Now there were some belated party-goers driving down the street. A dirty Land Rover was dragging a chain of strung-together cans behind it. One of the drunken passengers kept firing a shotgun again and again into the sky and shouting: ‘Socialismo o muerte! Venceremos! Viva Fidel!’ Somewhere nearby a car alarm started to wail and some stray cats began to yowl, which the new, centre-right district administration had been battling with for a few months to no avail. He fetched his address book and chose Marta’s number, which he hadn’t called for about seven years. After a long wait he finally heard a ringing tone, and straight after that a soft, female voice.
‘Hello?’
‘Marta?’
‘No, it’s not Marta. Who’s that?’
‘Oh, I’m sorry. This is Joachim. Is Marta there?’
‘I’ll just fetch my mum.’
Finally he heard his sister’s voice.
‘Is that really you?’ she asked. ‘What’s happened?’
‘Nothing. I just wanted to come. For a few weeks. Is there a chance you can put me up?’
Marta did not reply immediately. Only after a few seconds, as if she had to have a good think about it, did she answer in a hushed tone: ‘But yes, of course, come over!’
The snow came like salvation. On the third day after the wet, grey holidays, large flakes of it began to fall on Jesionowa Street, coating the overflowing dustbins, cluttered little gardens and dog messes at the edge of the bald lawns. Joachim was delighted: the whiteness engulfed not just the world of things, but also spread itself like a soft mantle over his skittish, anxious thoughts. Even the places he had missed, and which immediately after his arrival had seemed to him hideous and unrecognisable, now took on a neutral softness thanks to the fluffy white snow. In fact, from the slightly bow-shaped street, built up on either side with angular terraced houses, he’d been unable to reconstruct the old road that passed the pond and led to the woodshed; but once a thick layer of snow was covering them, the ugly, identical houses no longer looked as awful. Even the mechanic’s workshop, which had been erected on the site of the old pond – a heavy concrete lump with a row of dirty glass bricks running under its flat roof – did not offend Joachim’s gaze as painfully now that it was covered by a white hat.
It went on snowing for four days.

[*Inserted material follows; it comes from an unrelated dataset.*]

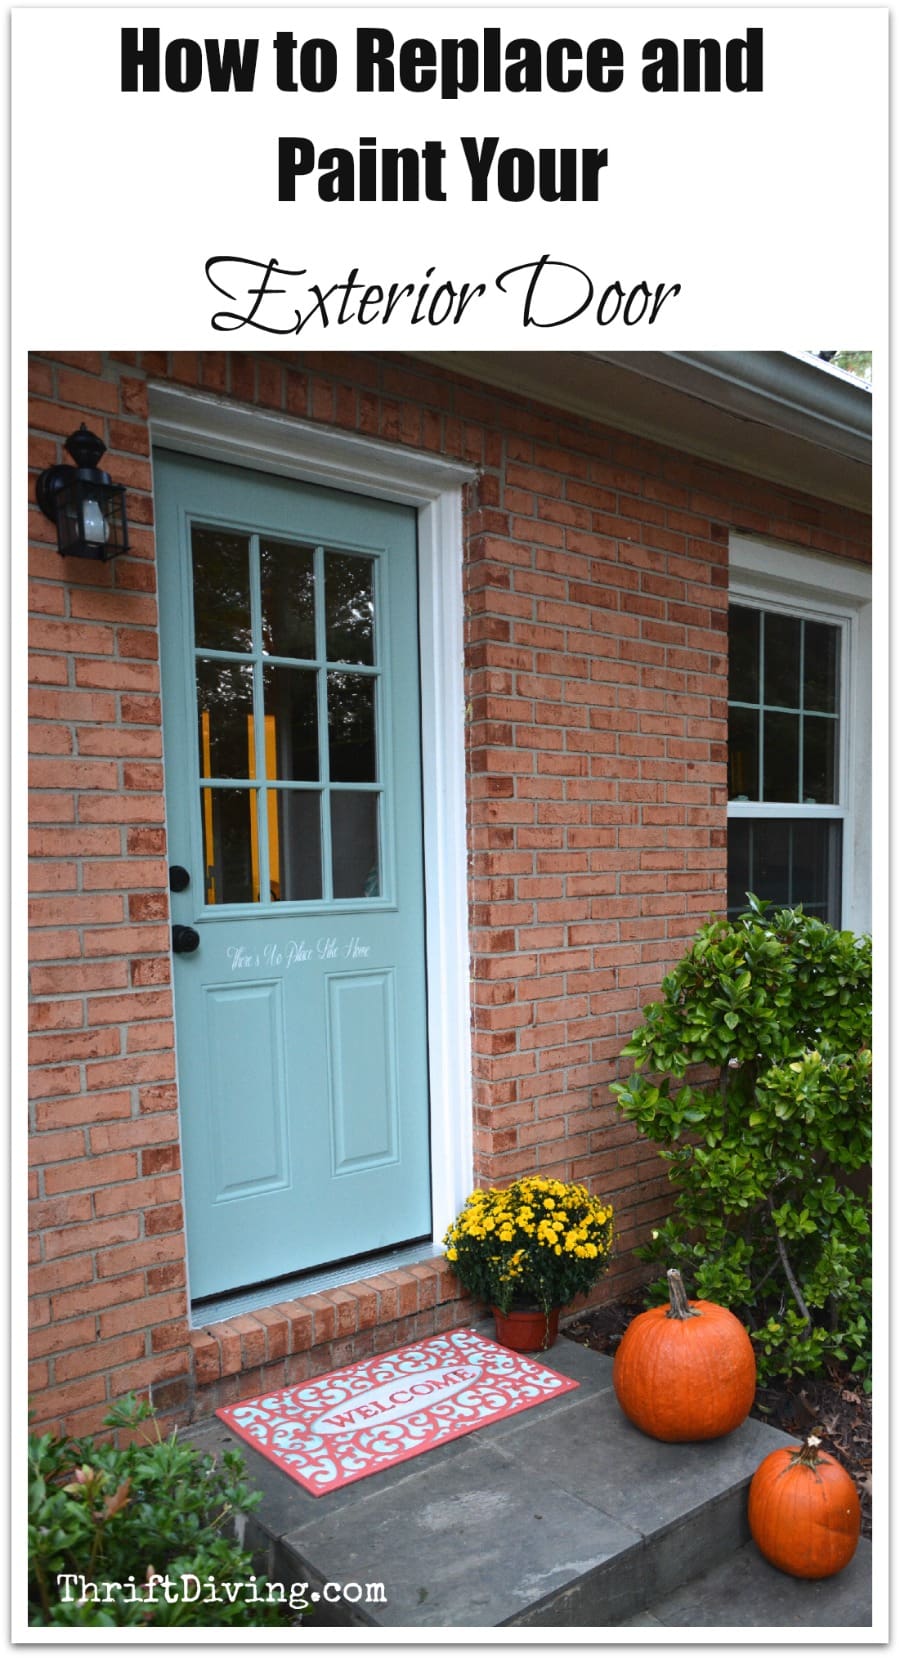 How to Install an Exterior Door and Paint It With Exterior Door Paint

Then, along with a cold, icy wind from the east came a powerful frost. At last it all calmed down and, at a temperature of minus fifteen, the sunlight brought an austere brightness out of the wintry landscape.
Joachim went down to the cellar. Among the empty jars, cardboard boxes, broken furniture and piles of magazines he discovered a pair of old ice-hockey skates. They had probably belonged to Andrzej: his brother had the same shoe size as him. As he was perching on a small stool in the hall polishing the leather – dried stiff by time – Marta came out to him from the kitchen.
‘Are you angry?’ she asked, lighting a cigarette.
‘No, why should I be? But your son-in-law is an awful yob. Fancy sending away the piano tuner the day before Christmas! I’d have paid him, since I ordered him. Couldn’t you have called me down from upstairs?’